Problem statement | Exactly the lines from the start of the data below through the line that contains "hoe verdien ik" are to be copied, with pictures left out.

Data in this exercise |
-- Opening Marker --

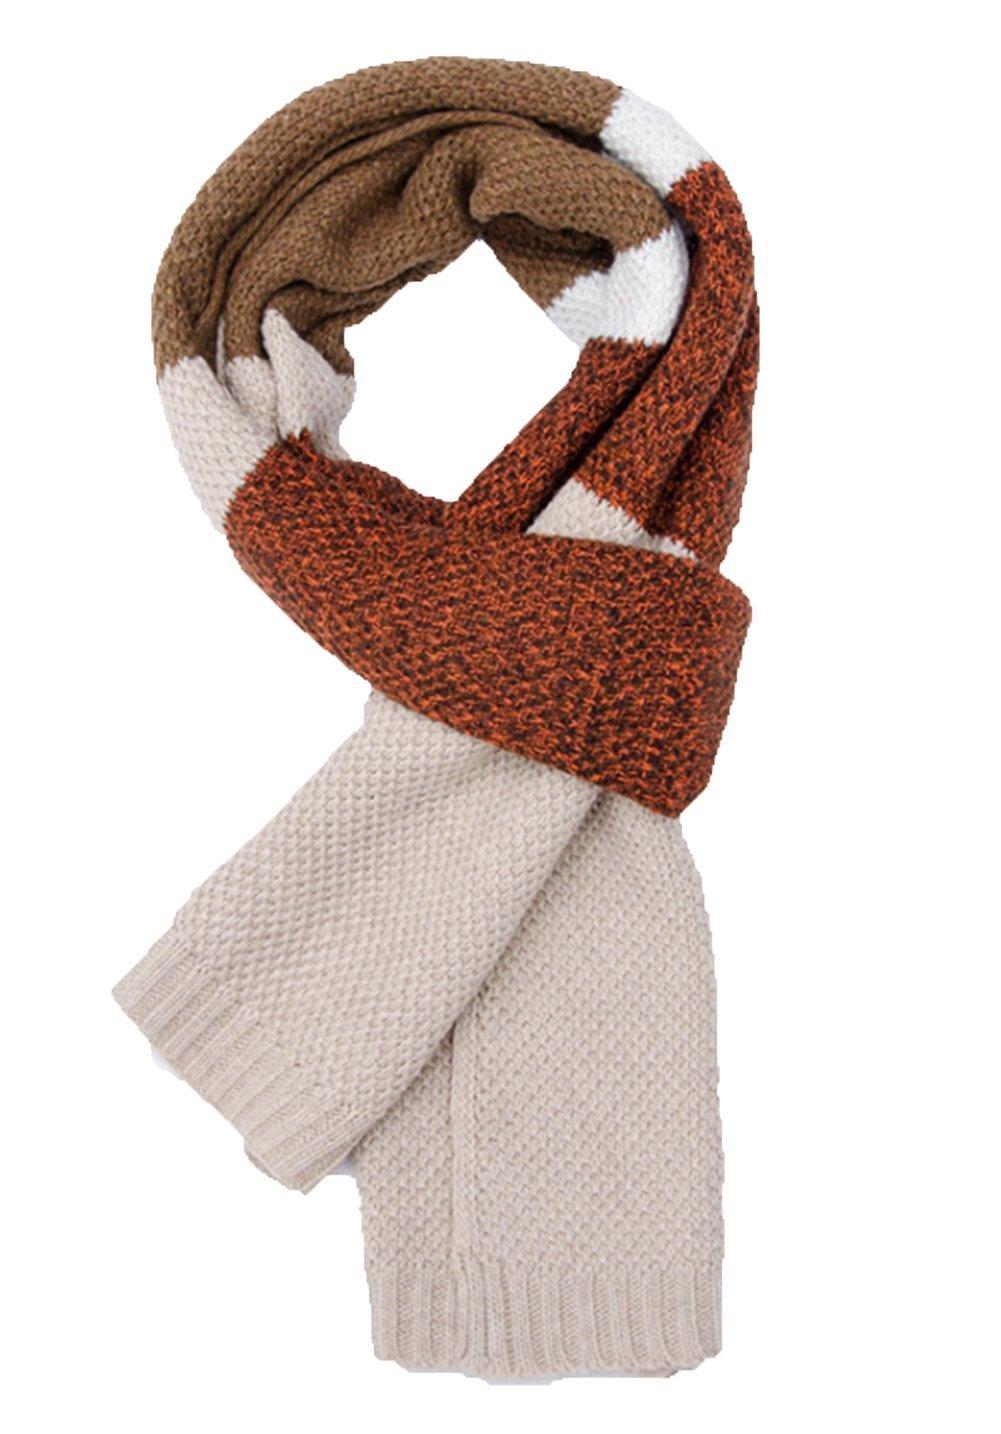 Zedtom Longue /écharpe unisexe tissu chaud pour l/'hiver 190 x 30/cm color/ée
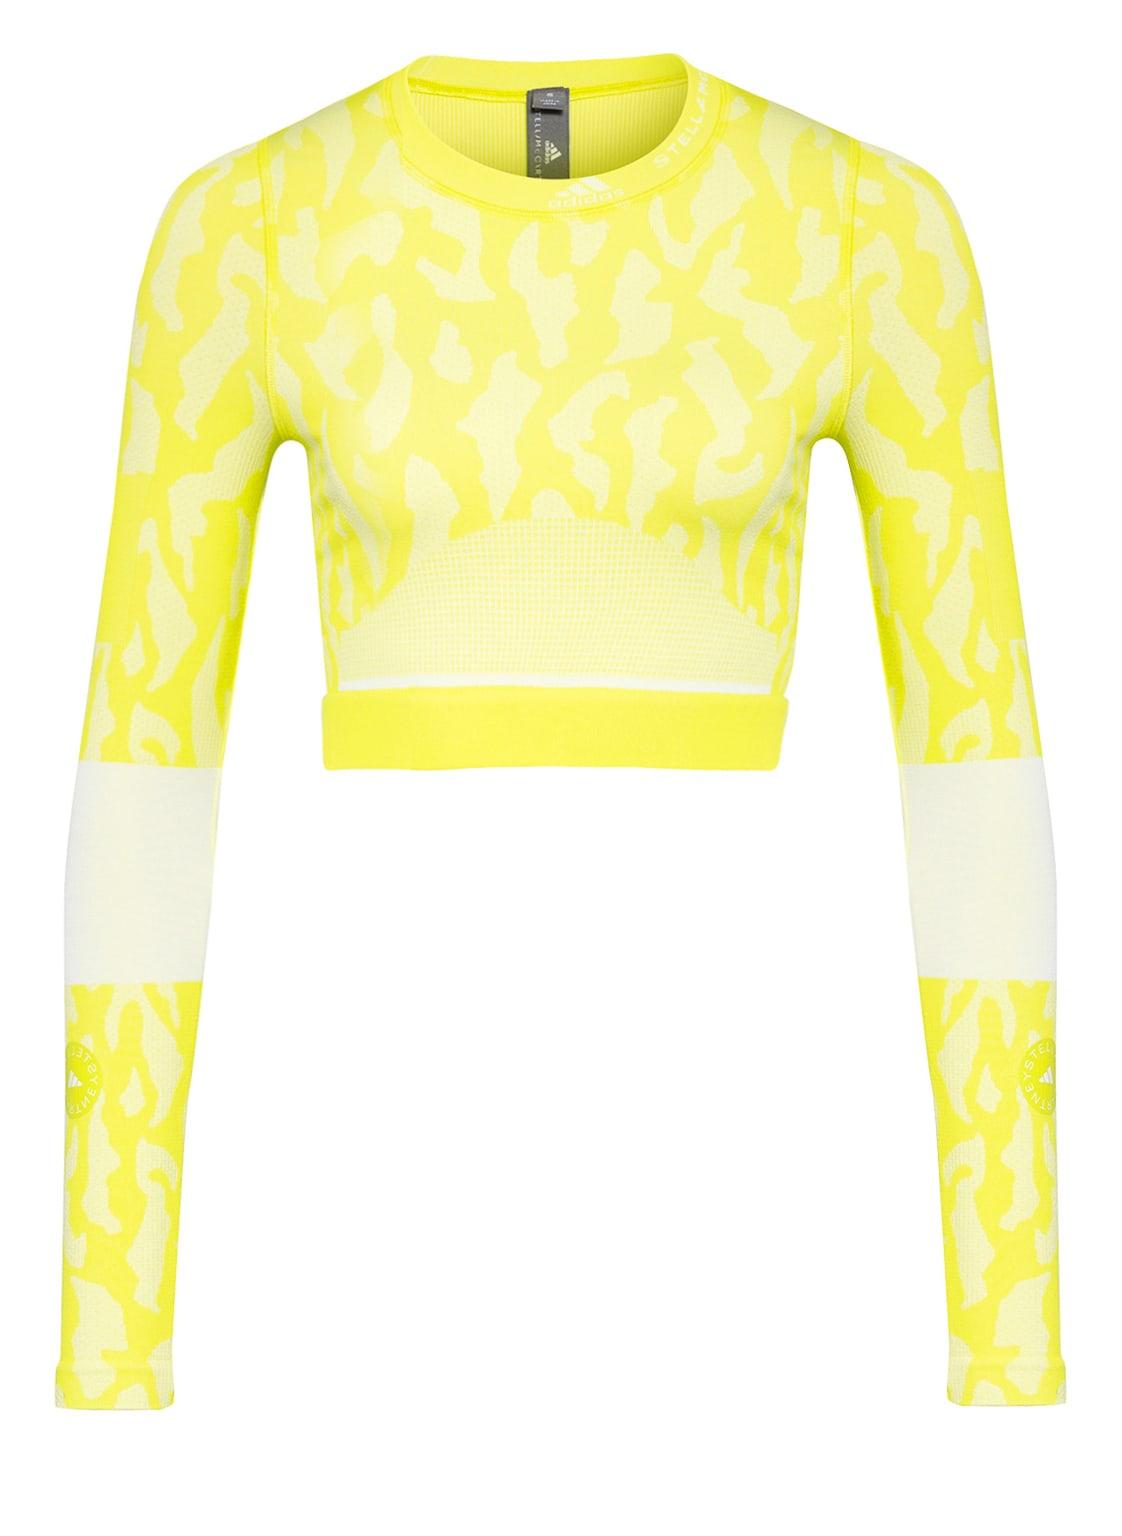 Image of Adidas By Stella Mccartney Cropped-Longsleeve Truepurpose gelb
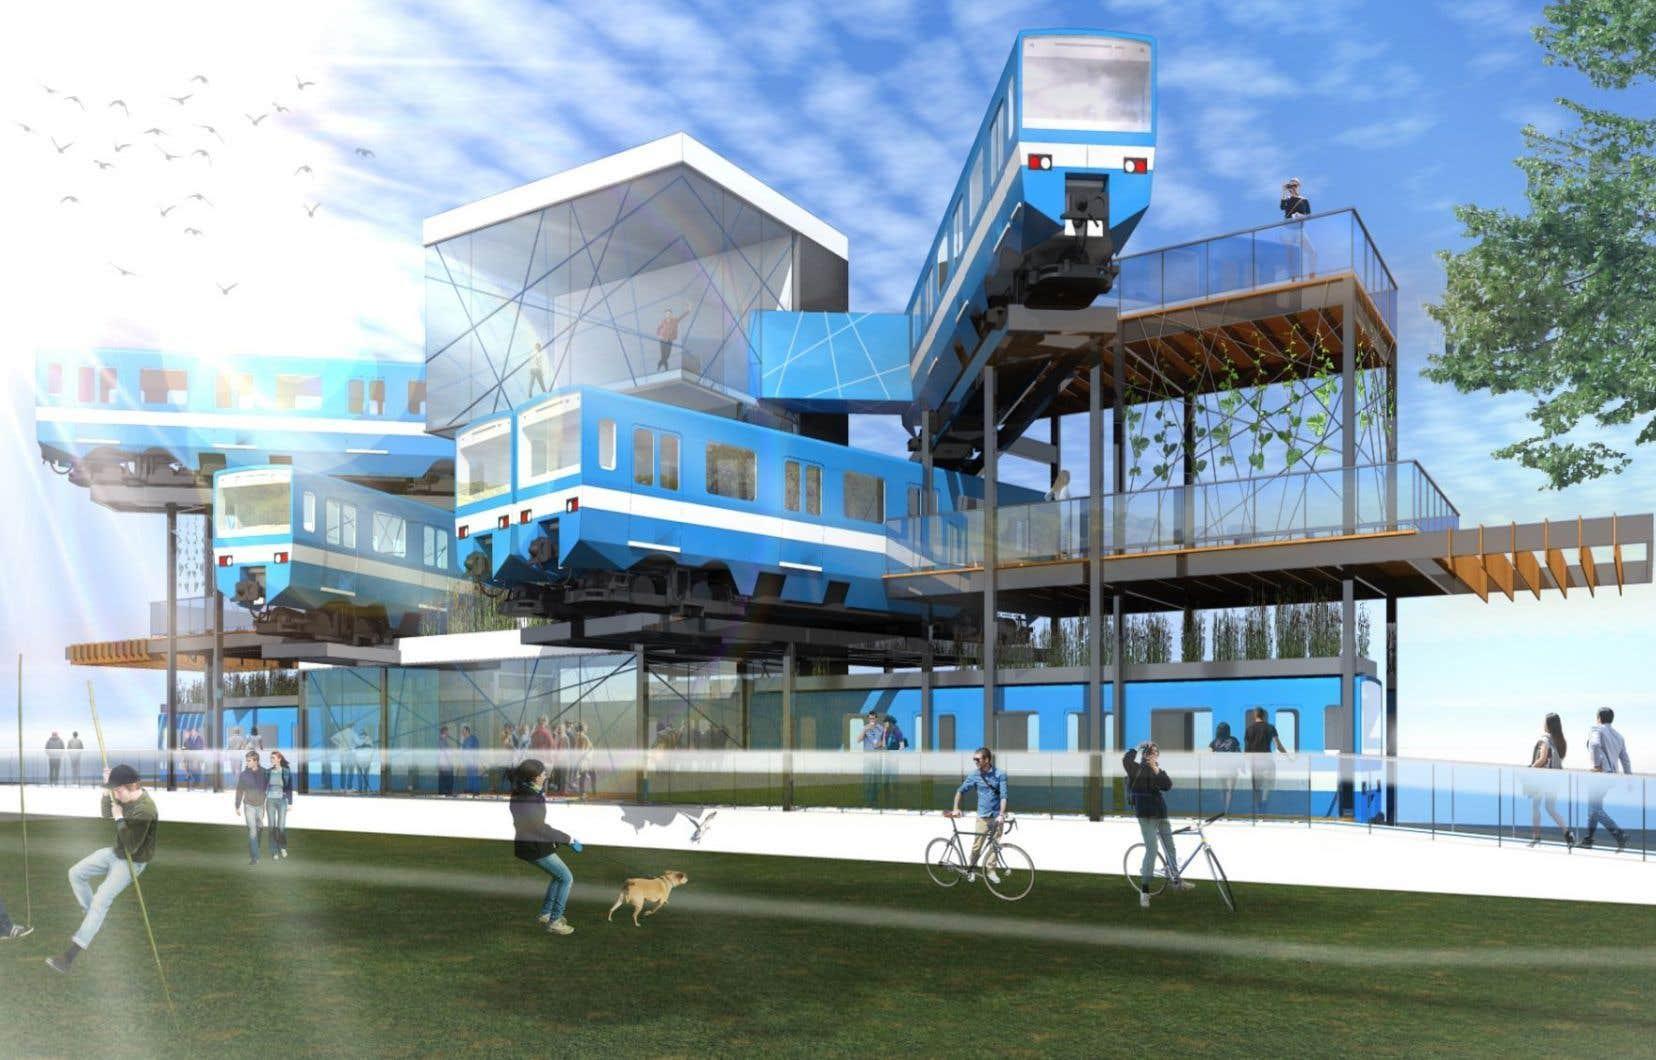 Les voitures bleues du métro seront fixées sur des structures d'acier et l'immeuble à l'allure éclatée comportera des espaces terrasses.
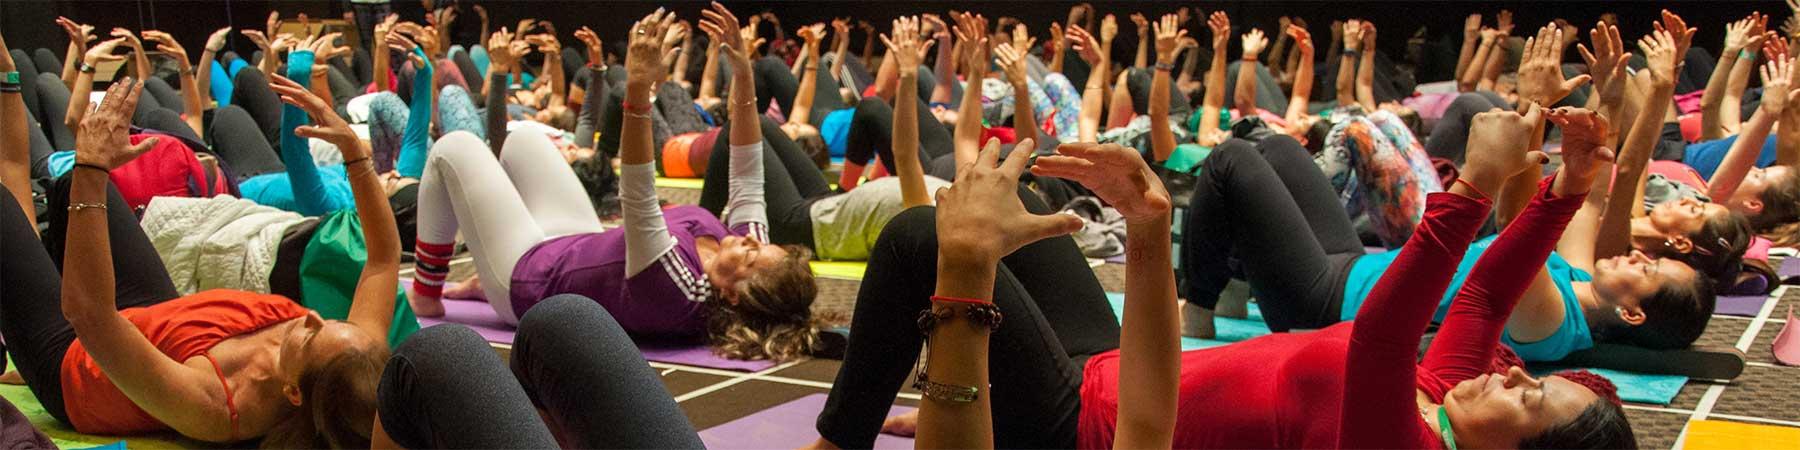 hoe verdien ik meer als yogaleraar meer leerlingen
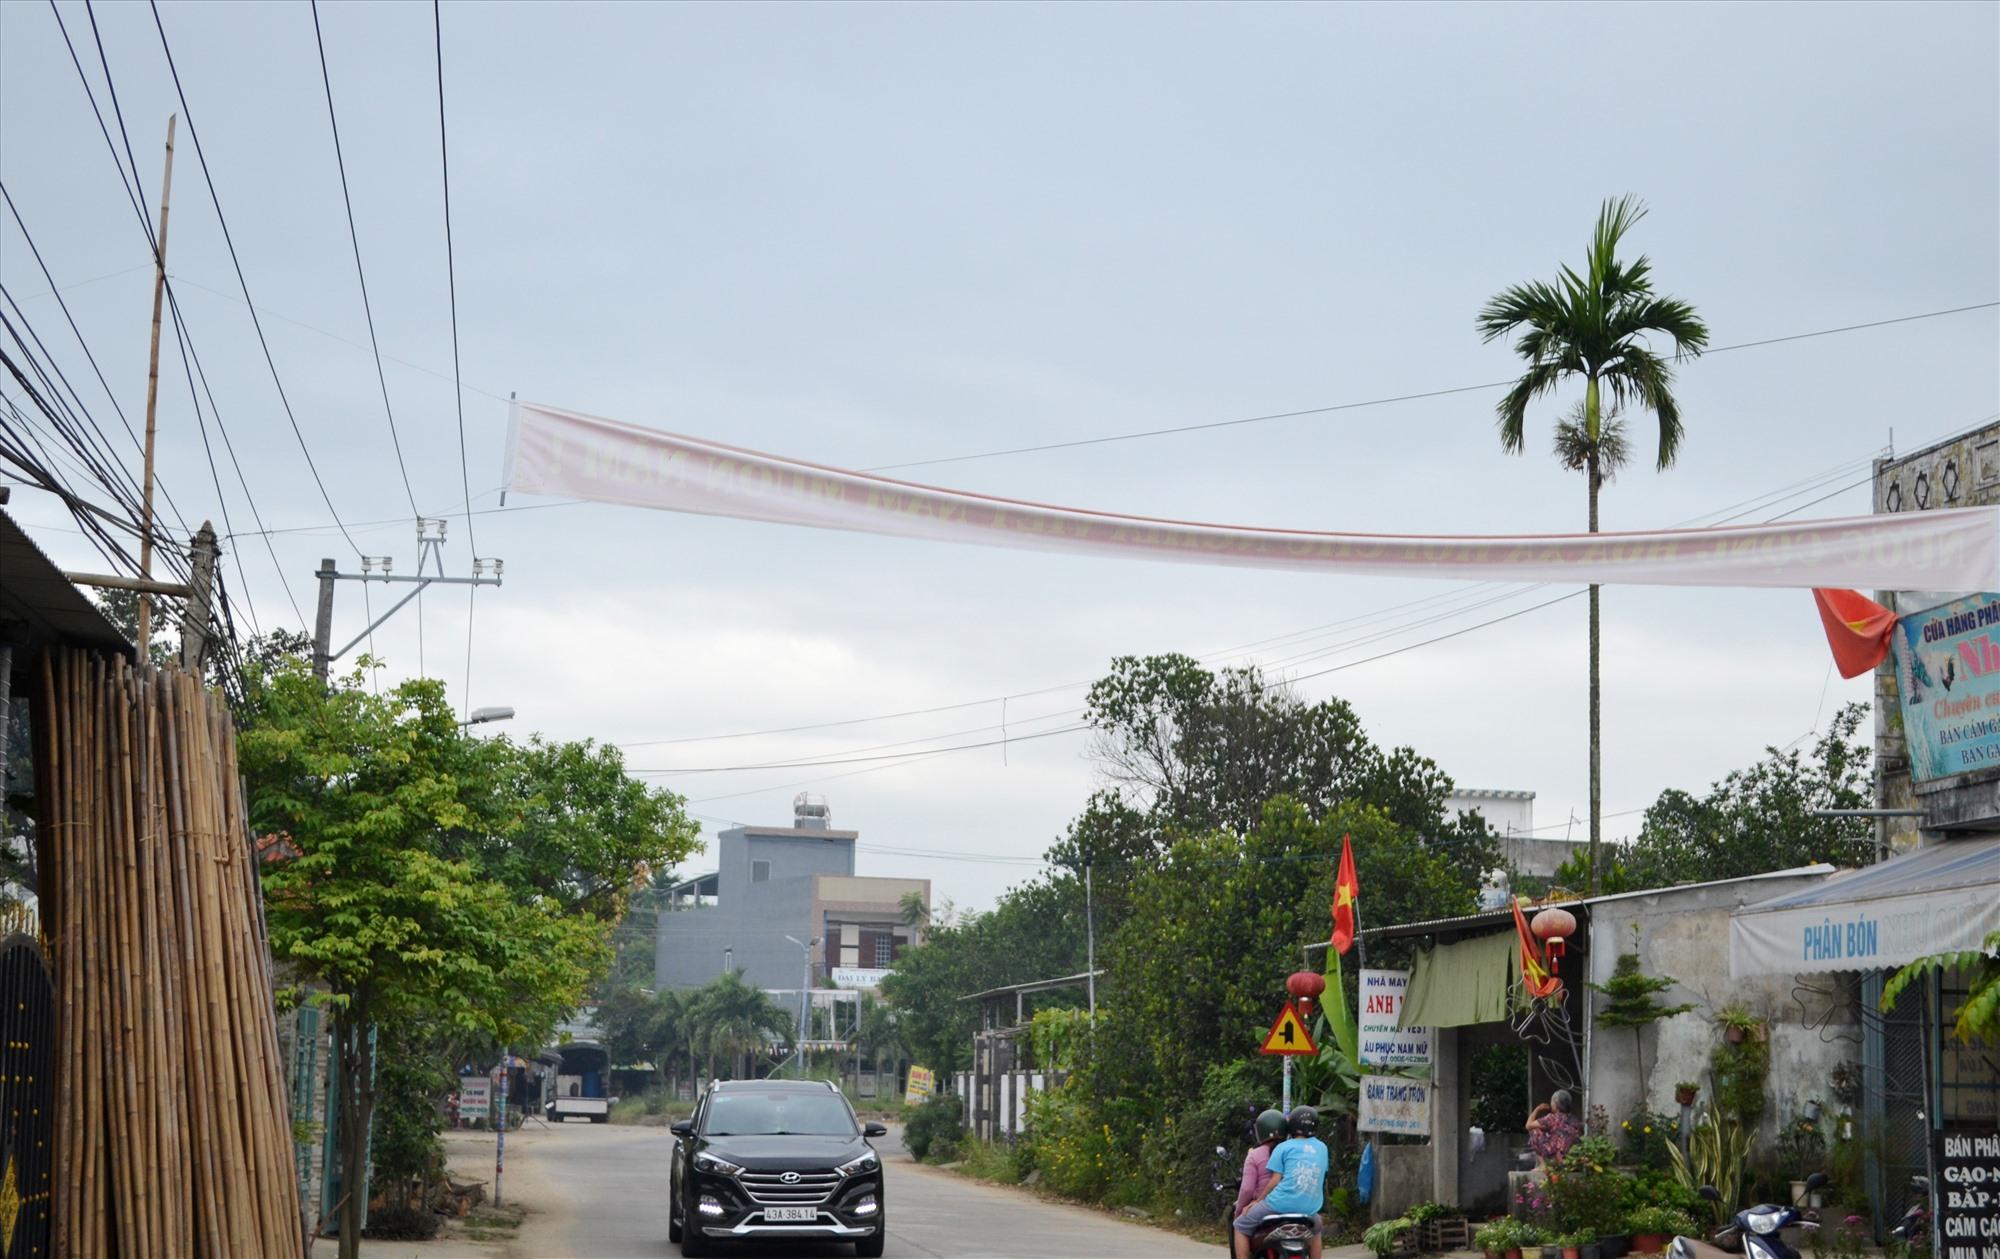 Sở GTVT đề nghị các địa phương tuân thủ quy định khi treo băng rôn trên các tuyến quốc lộ ủy quyền, tỉnh lộ. Ảnh: CT

-- Closing Marker --

Answer to this task |
 Zedtom Longue /écharpe unisexe tissu chaud pour l/'hiver 190 x 30/cm color/ée
 Image of Adidas By Stella Mccartney Cropped-Longsleeve Truepurpose gelb
 Les voitures bleues du métro seront fixées sur des structures d'acier et l'immeuble à l'allure éclatée comportera des espaces terrasses.
 hoe verdien ik meer als yogaleraar meer leerlingen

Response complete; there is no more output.